───── INFORMATION PROVIDED

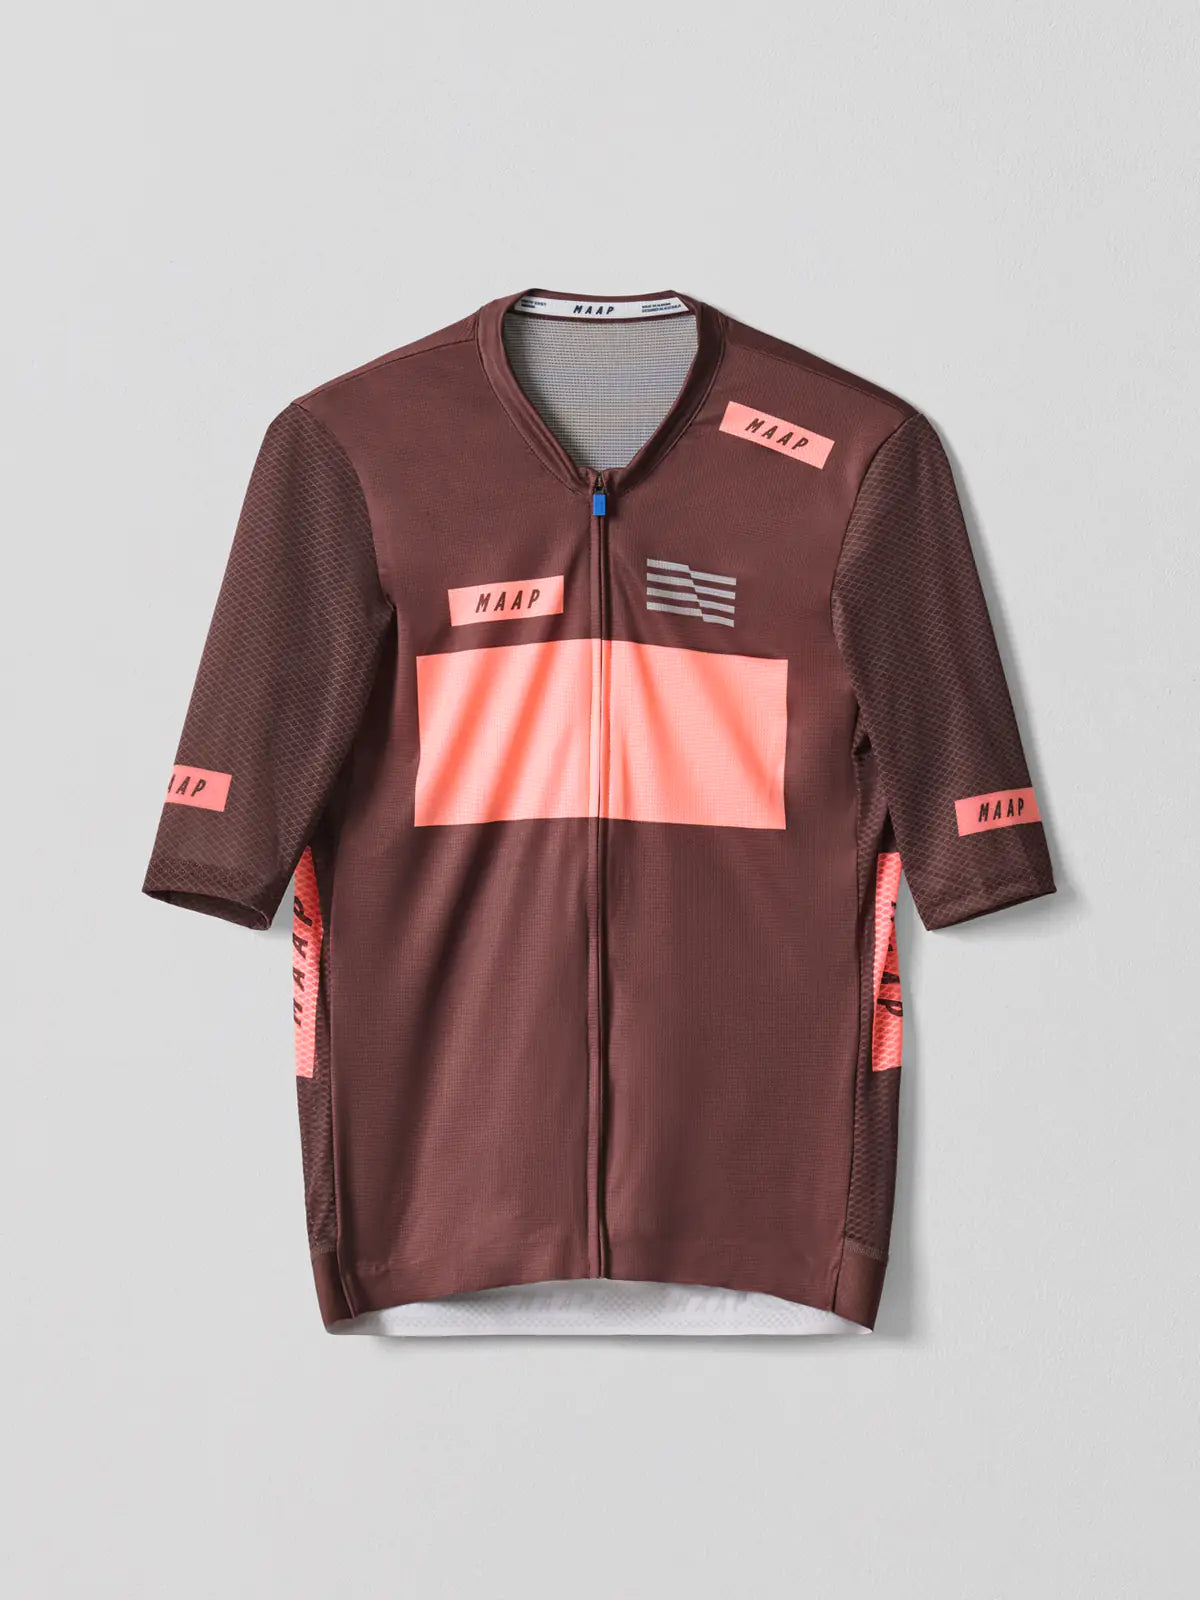 MAAP System Pro Air Jersey Muscat メンズ サイクルジャージ | CYCLISM
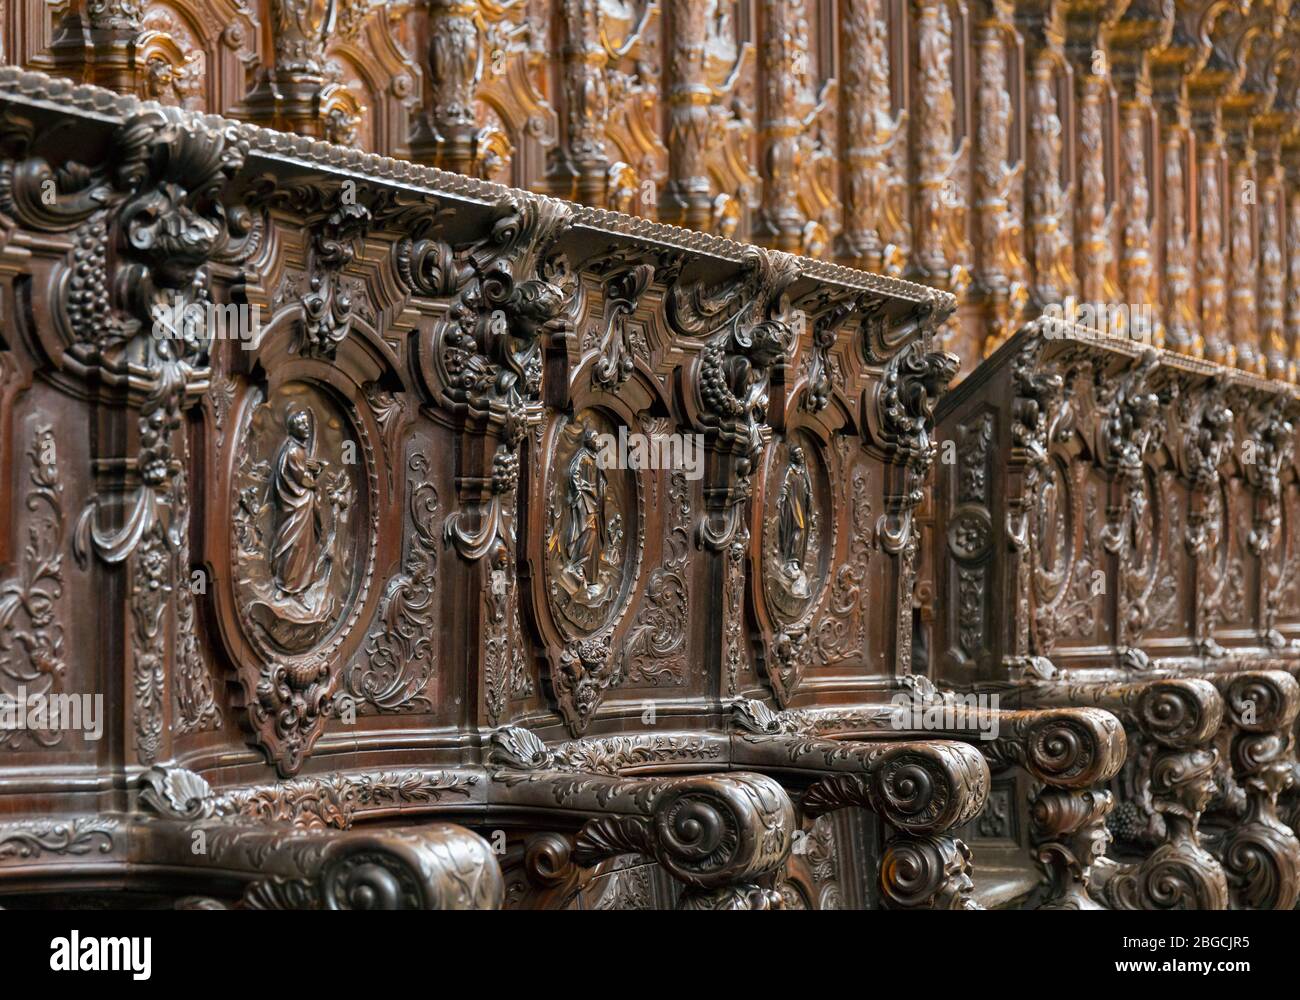 La Mezquita.  The Mosque.  Interior.  The 18th century carved wood choir stalls in the cathedral rear of the mosque.  They are the work of  Spanish sc Stock Photo
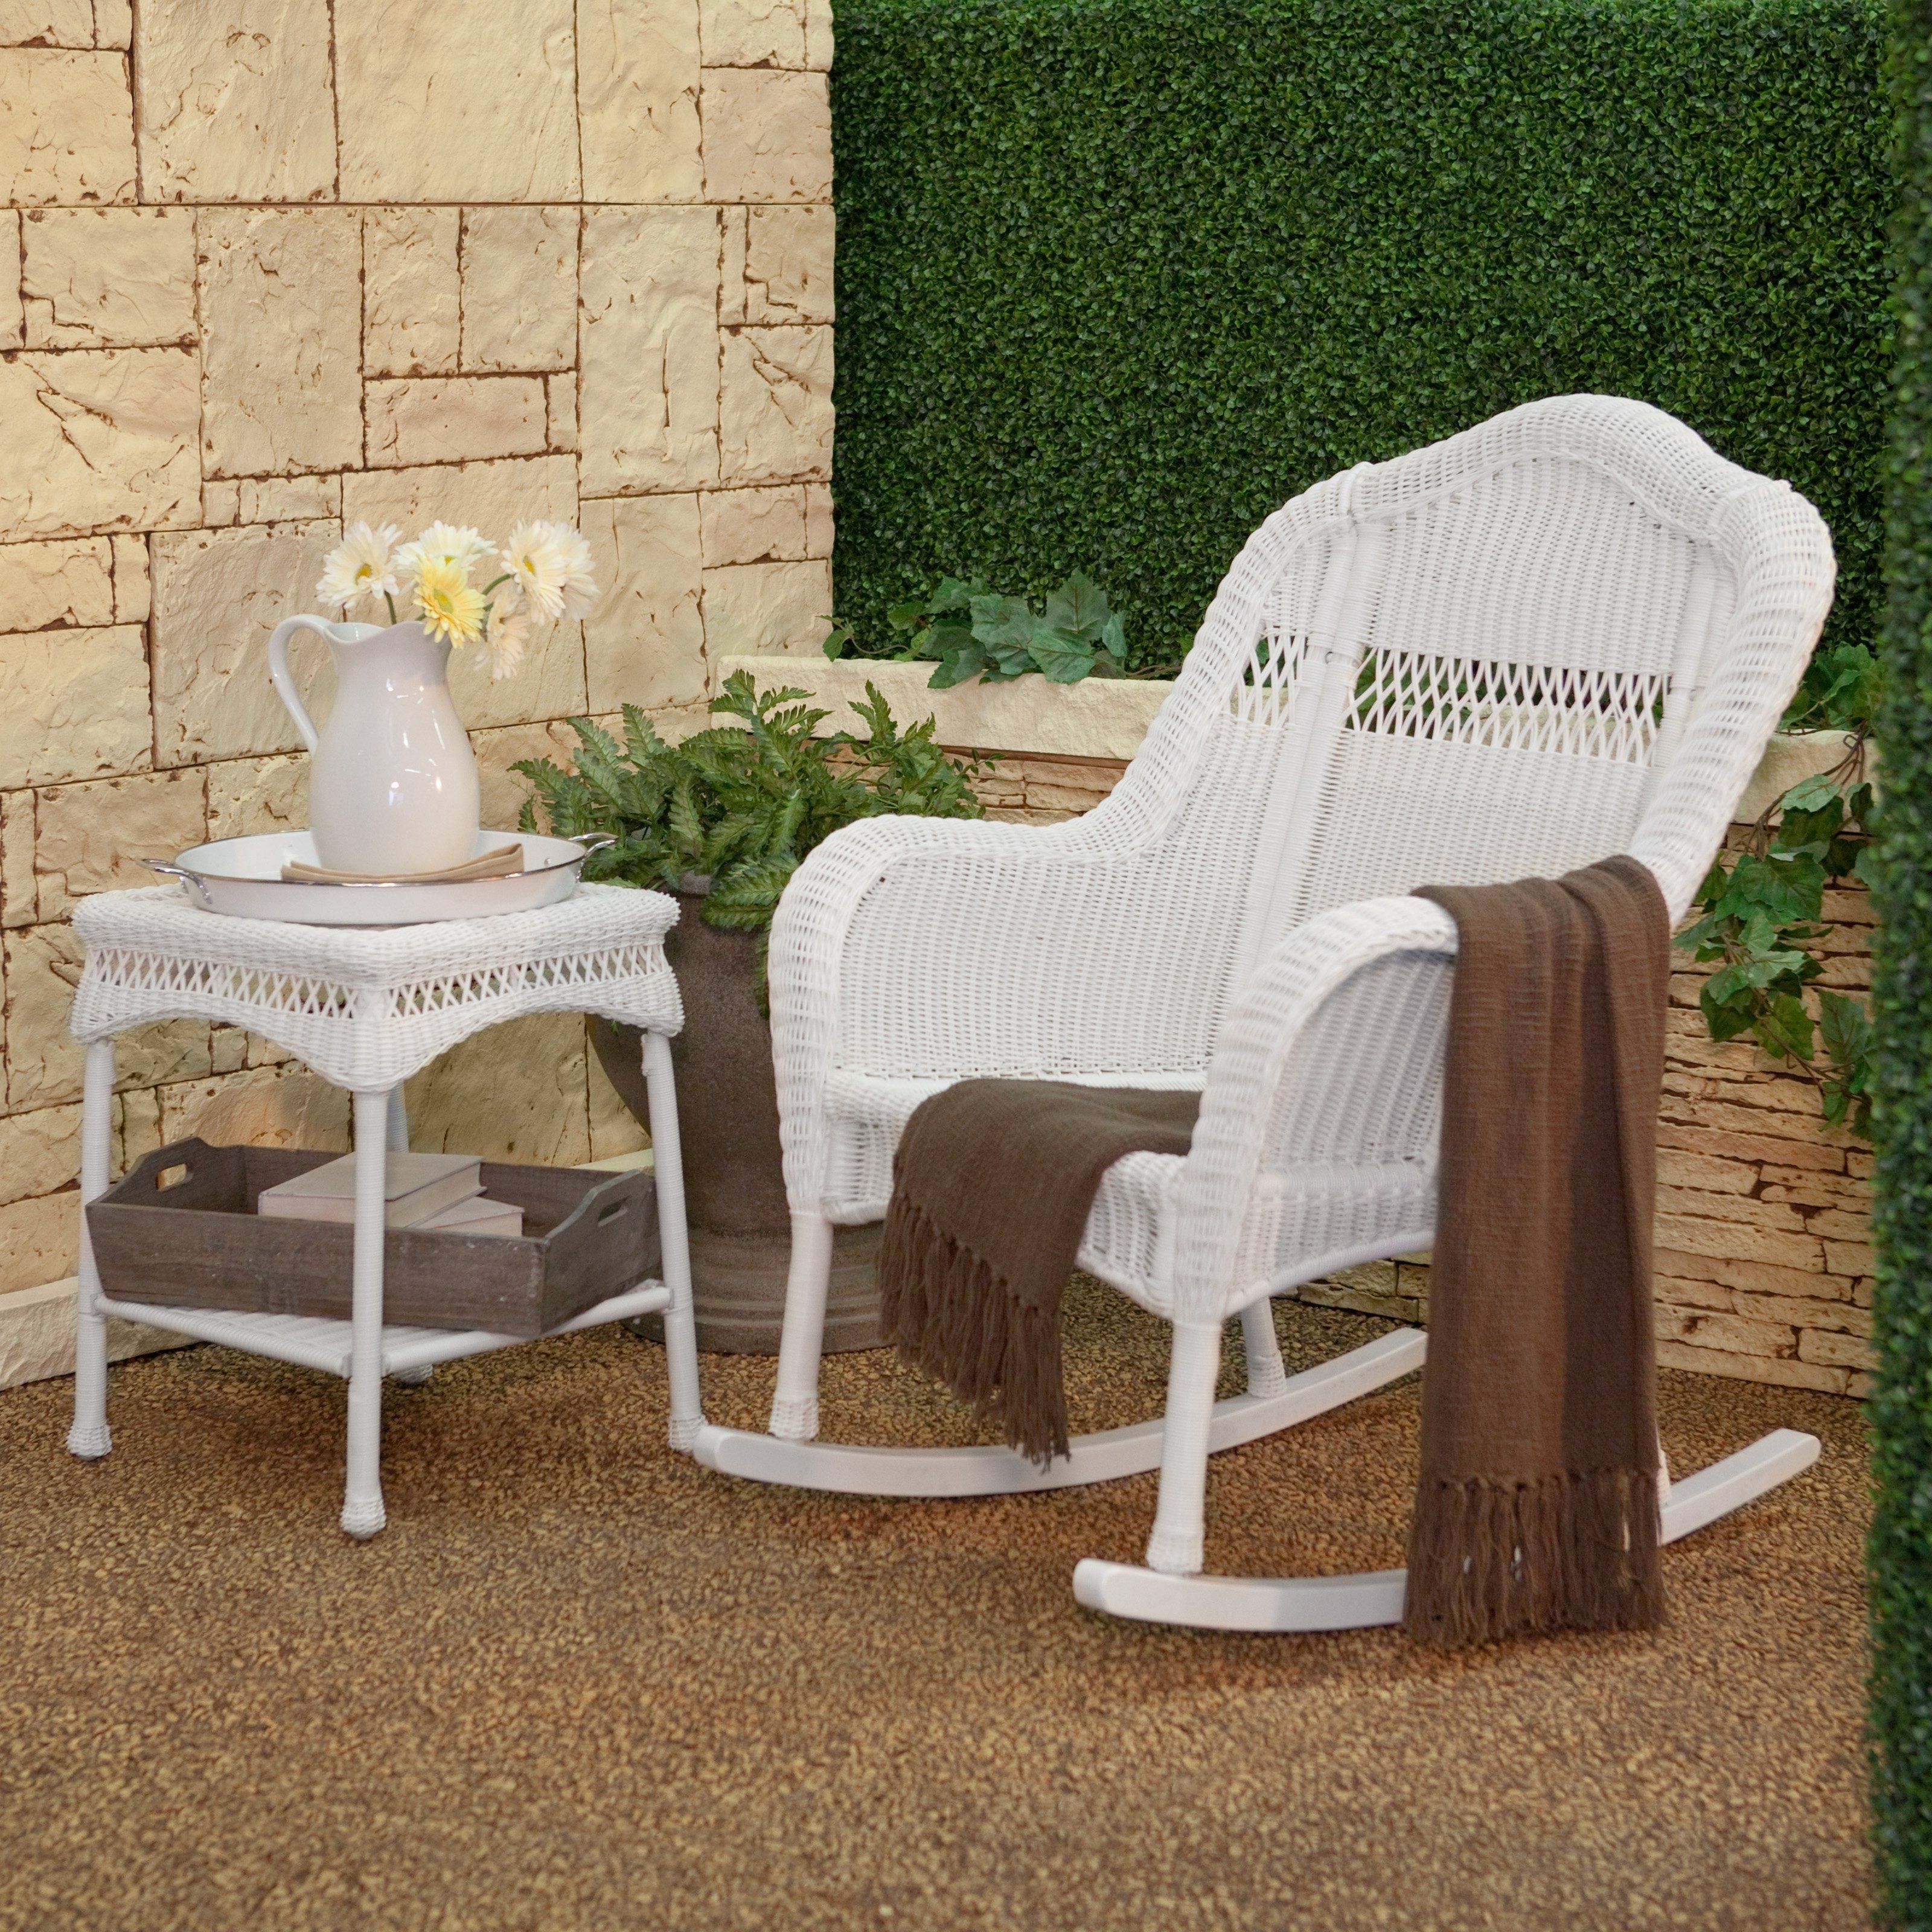 Coral Coast Casco Bay Resin Wicker Rocking Chair With Cushion Option With Outdoor Wicker Rocking Chairs (View 6 of 15)

──────────

**EXERCISE REQUIREMENTS**
Repeat the data above in full and exactly. Omit every image.

**ANSWER**
 MAAP System Pro Air Jersey Muscat メンズ サイクルジャージ | CYCLISM
 La Mezquita.  The Mosque.  Interior.  The 18th century carved wood choir stalls in the cathedral rear of the mosque.  They are the work of  Spanish sc Stock Photo
 Coral Coast Casco Bay Resin Wicker Rocking Chair With Cushion Option With Outdoor Wicker Rocking Chairs (View 6 of 15)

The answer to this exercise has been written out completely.